Generative AI (GenAI) fuels health misinformation by undermining trust across multiple layers. New frameworks and structural policy responses are needed to combat this evolving threat effectively.
Area of Science:
- Digital Health Communication
- Health Misinformation Studies
- Artificial Intelligence Ethics
Background:
- Generative AI (GenAI) enables scalable production of sophisticated health misinformation, challenging existing threat-detection frameworks.
- Current approaches overlook how AI embeds false claims across interconnected human trust systems.
- The health information ecosystem is increasingly vulnerable to AI-driven disinformation campaigns.
Purpose of the Study:
- Introduce the Multi-layered Epistemic Disruption Framework (MEDF) to conceptualize AI's structural impact on public trust.
- Detail four interdependent layers of disruption: discursive, biometric, temporal, and systemic.
- Provide a novel lens for understanding and addressing AI-driven health misinformation.
Main Methods:
- Adopt a socioecological and structural epistemic approach.
- Synthesize empirical findings from communication psychology, medical sociology, and digital infodemiology.
- Position the MEDF relative to existing health communication and infodemic models.
Main Results:
- AI-driven health misinformation exploits individual receptivity to authority and lowers epistemic thresholds across trust layers.
- Exposure to health misinformation correlates with increased distrust in healthcare institutions (OR 1.66).
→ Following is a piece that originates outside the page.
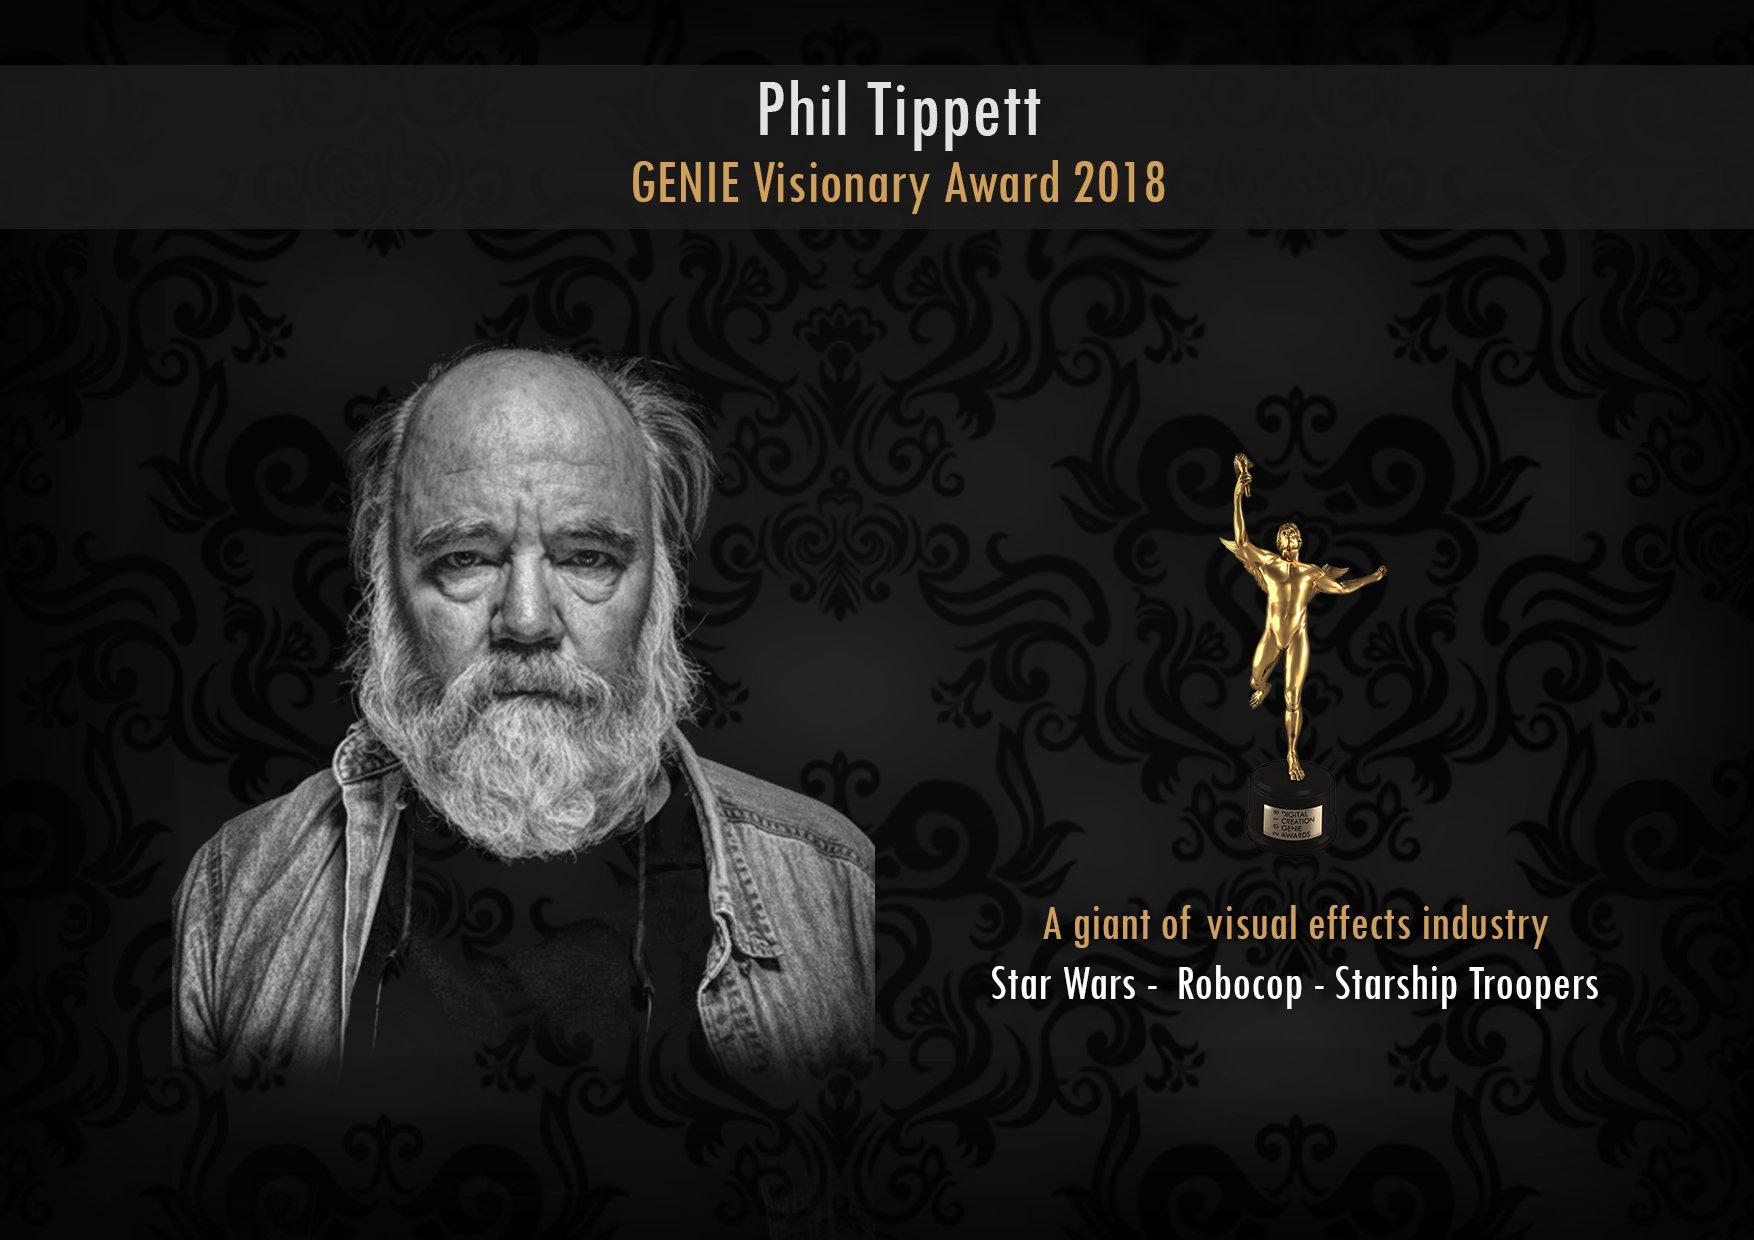 Phil Tippett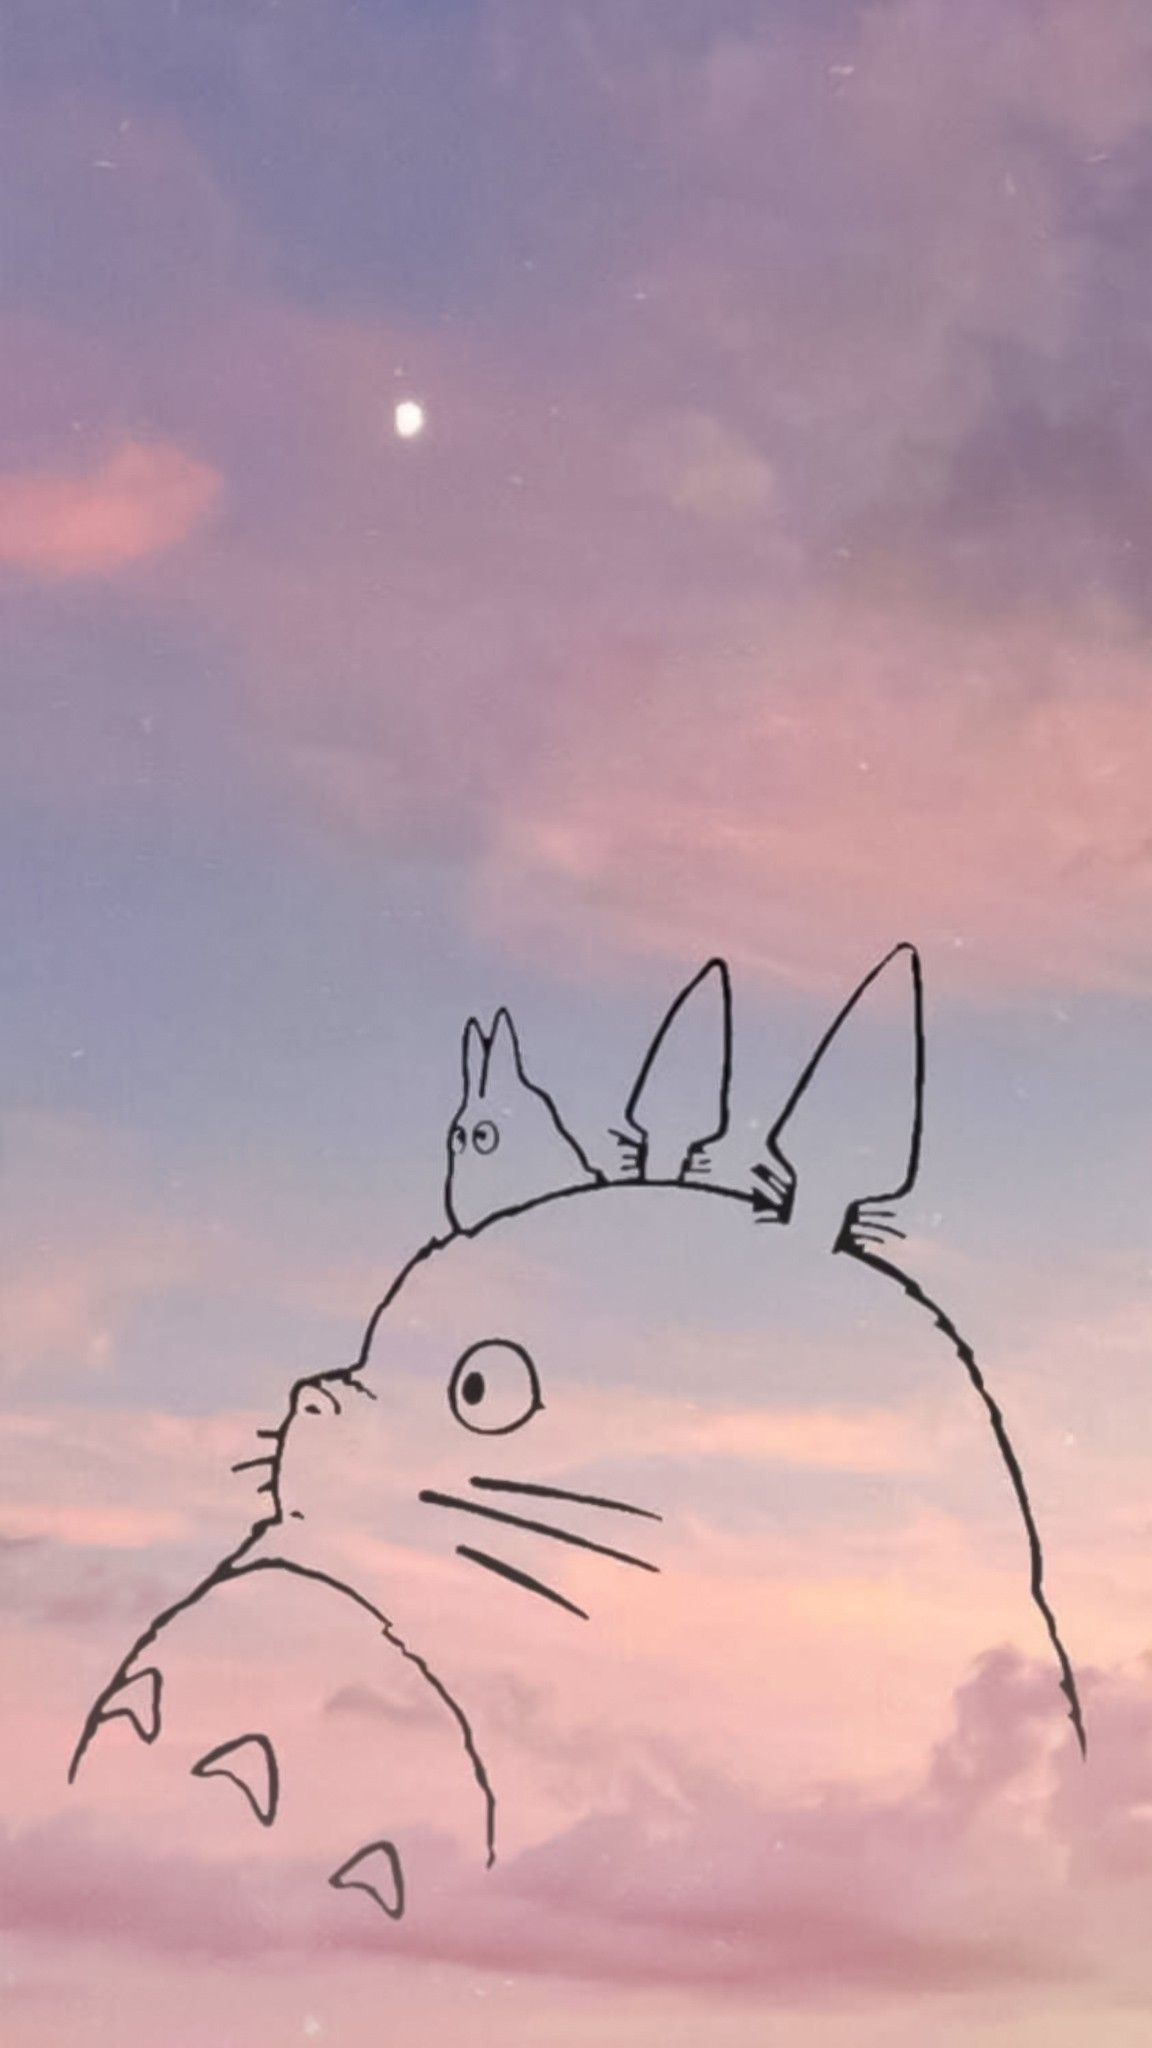 Pin De Apple Tea Em ジブリ Em 2020 Studio Ghibli Ghibli Filmes Studio Ghibli

- Existing defenses inadequately address temporal and systemic disruption layers, with limited effectiveness in real-world conditions.
Conclusions:
- Effective strategies require moving beyond individual-level interventions to structural, policy-driven responses targeting each MEDF layer.
- Implement source verification, biometric protection, ecosystem governance, and trust infrastructure, especially in LMIC contexts.
- Urgent policy calibration is needed to mitigate the cascading effects of AI-driven health misinformation.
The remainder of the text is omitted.